DATA BLOCK —
* * * * * * * * *
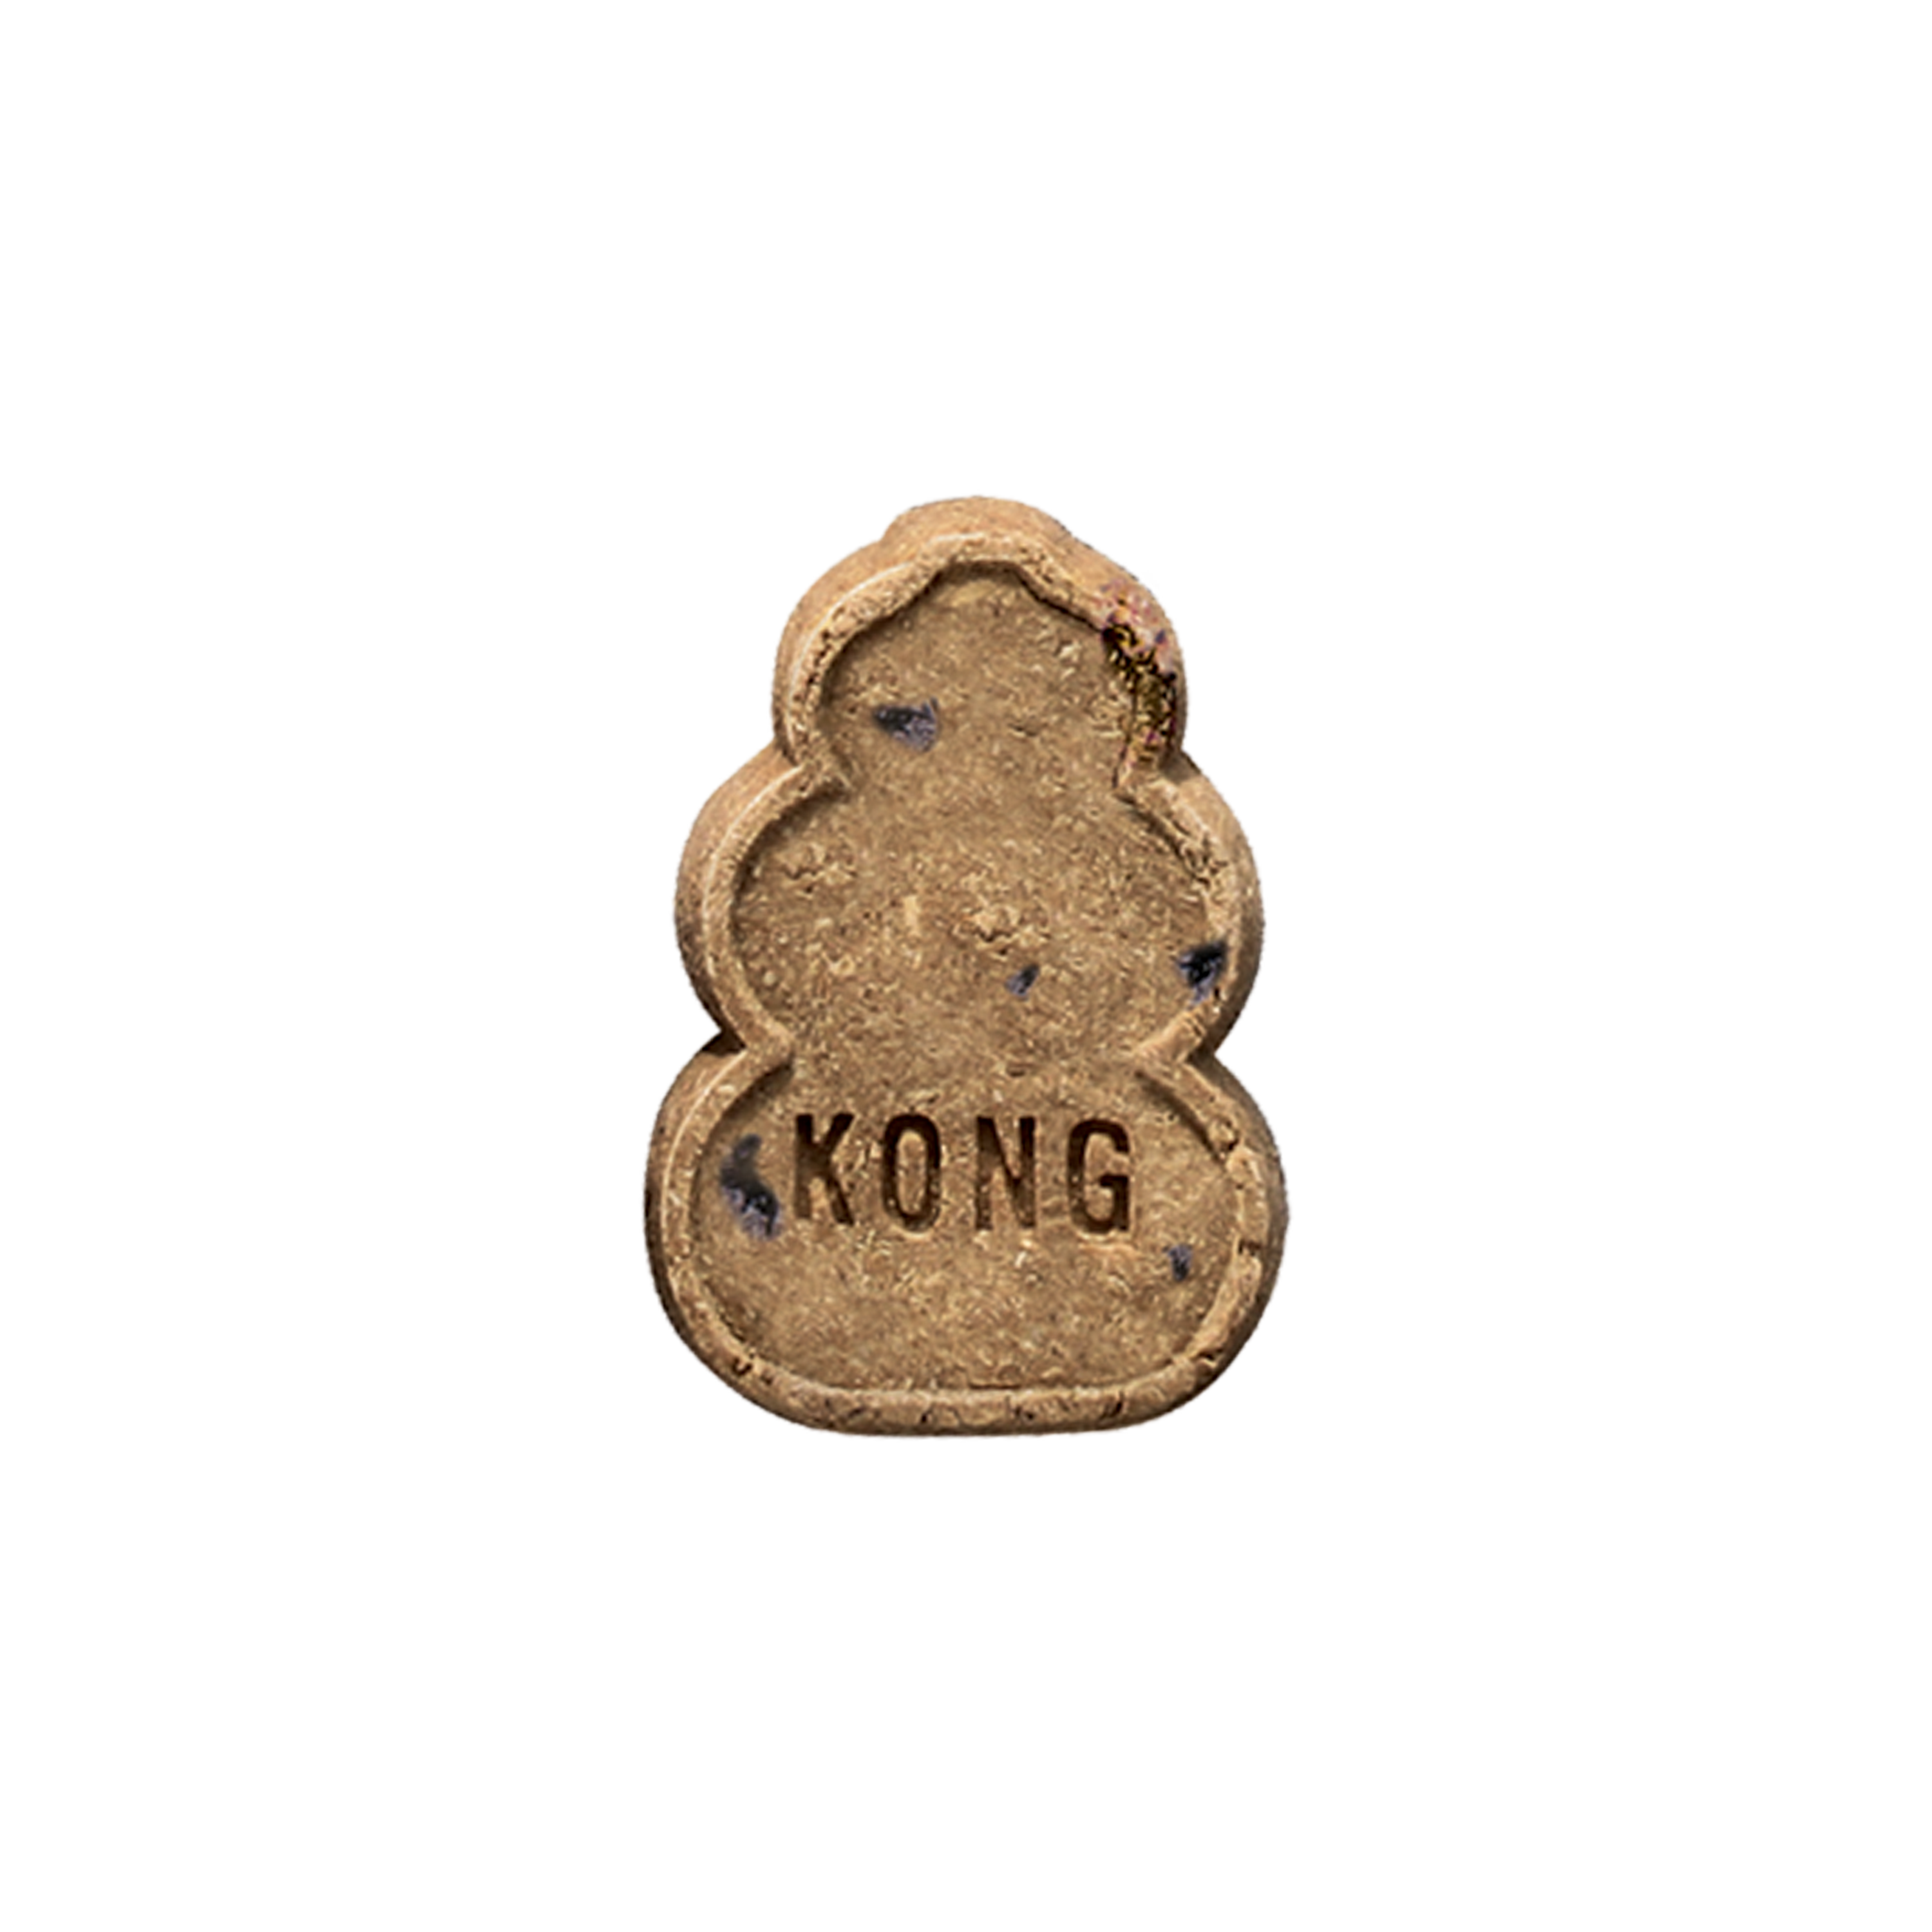 KONG Classic & Easy Treat Peanut Butter – The Good Stuff Unlimited
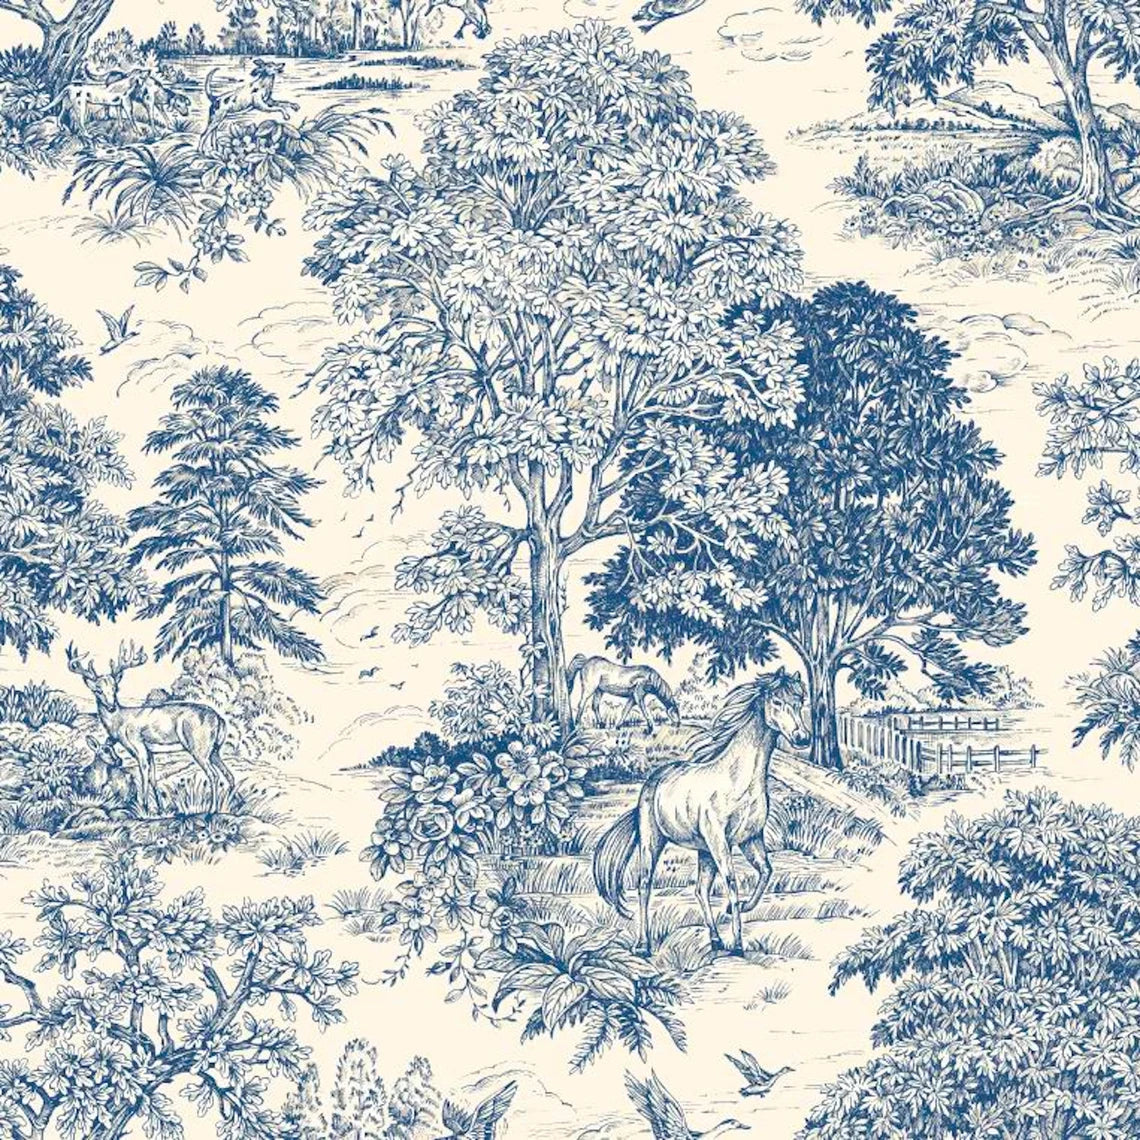 pillow sham in Yellowstone Bluebell Blue Country Toile- Horses, Deer, Dogs- Large Scale
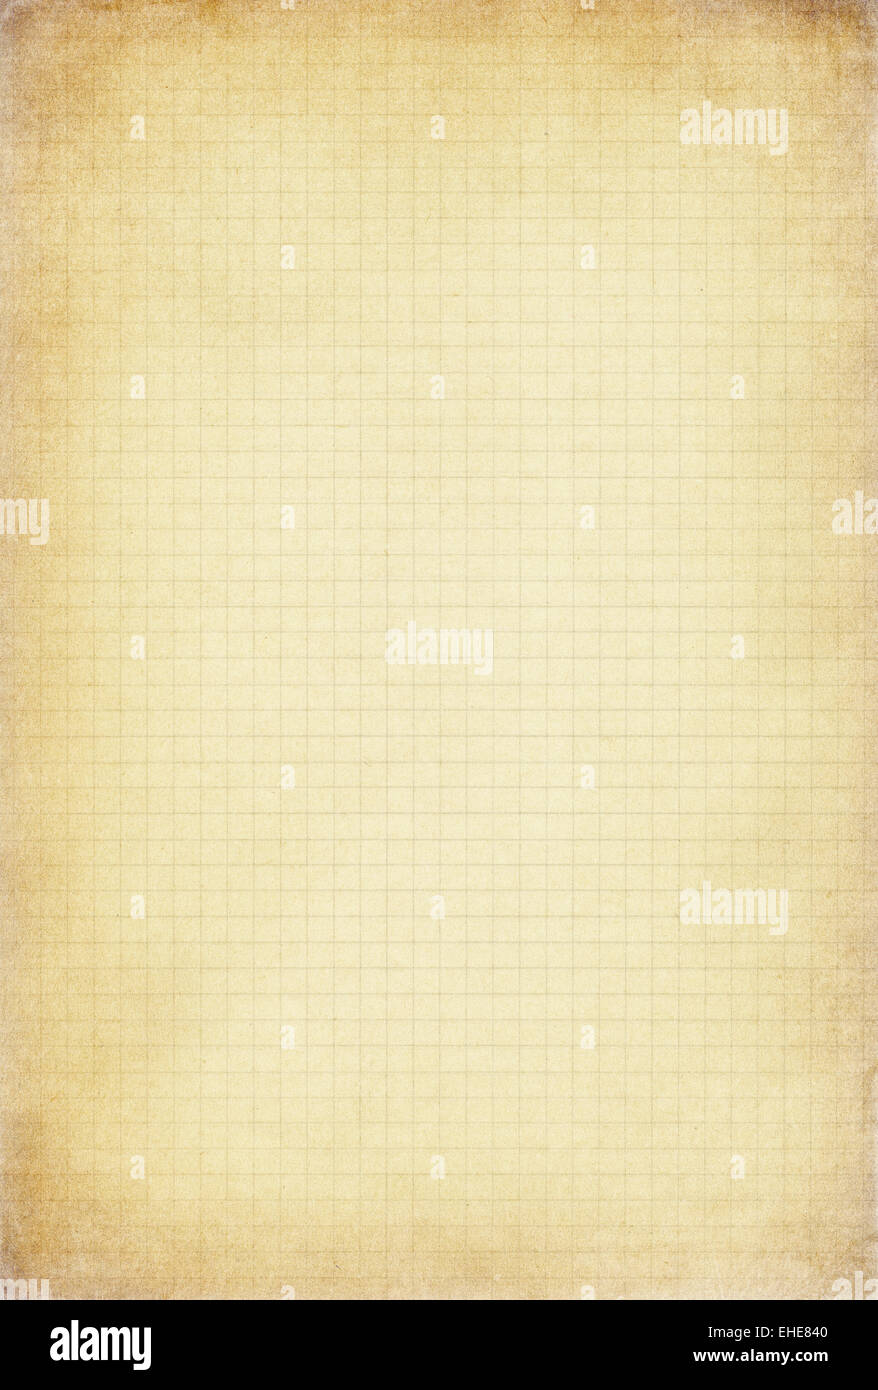 Vintage old cell paper background. Stock Photo
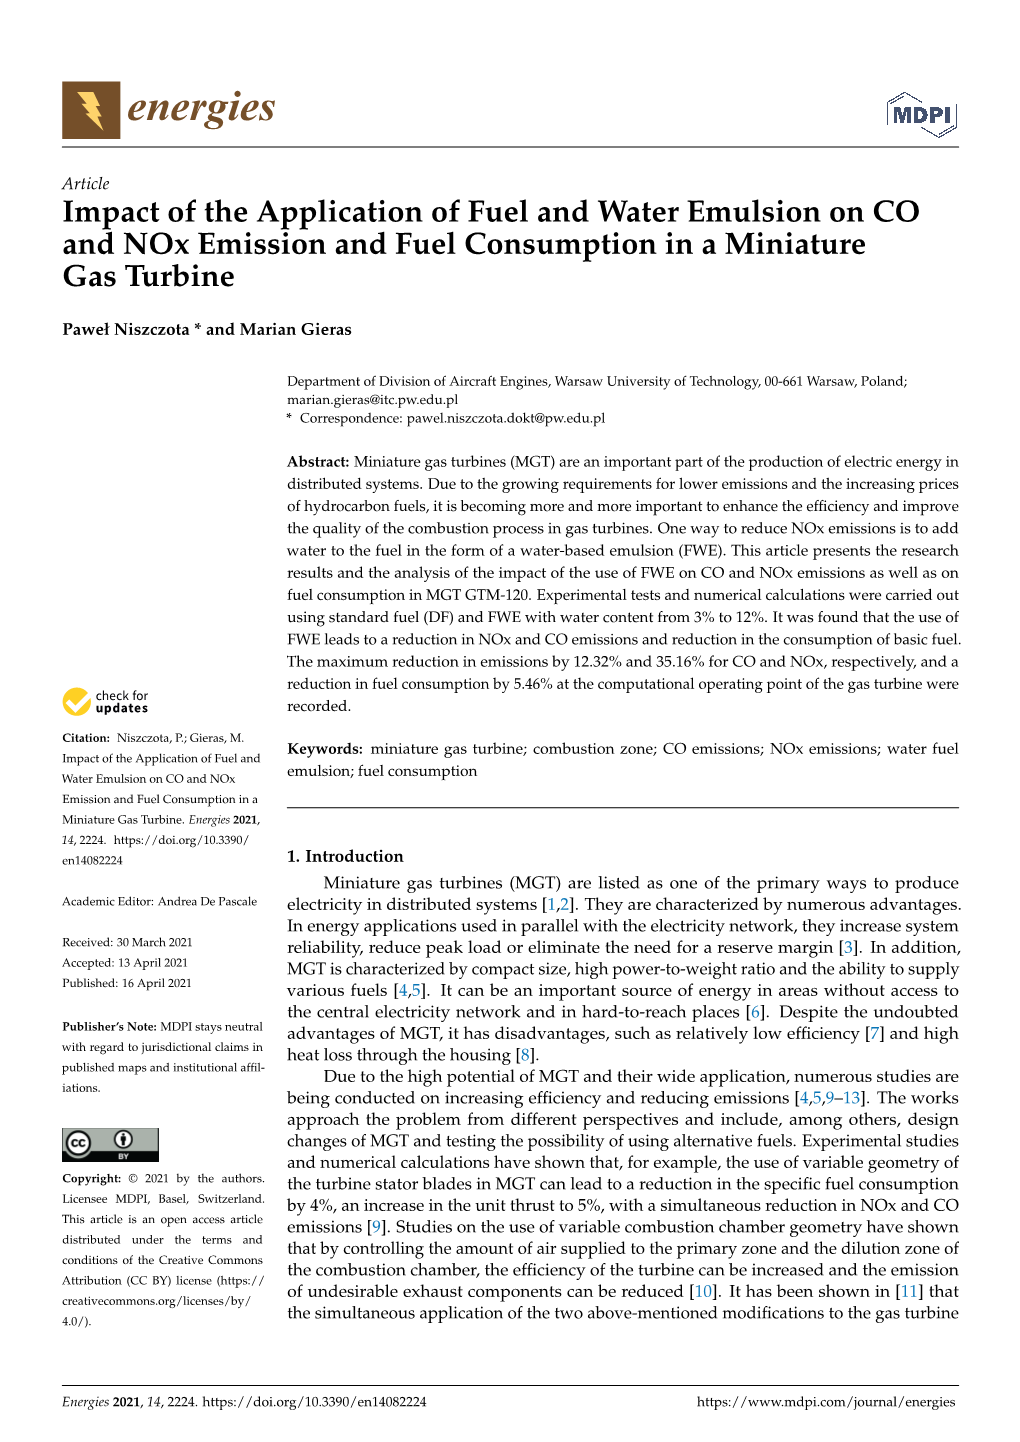 Impact of the Application of Fuel and Water Emulsion on CO and Nox Emission and Fuel Consumption in a Miniature Gas Turbine
* * * * * * * * *
Pictures stay out; everything else in the listing above is to be repeated exactly.

 KONG Classic & Easy Treat Peanut Butter – The Good Stuff Unlimited
 pillow sham in Yellowstone Bluebell Blue Country Toile- Horses, Deer, Dogs- Large Scale
 Vintage old cell paper background. Stock Photo
 Impact of the Application of Fuel and Water Emulsion on CO and Nox Emission and Fuel Consumption in a Miniature Gas Turbine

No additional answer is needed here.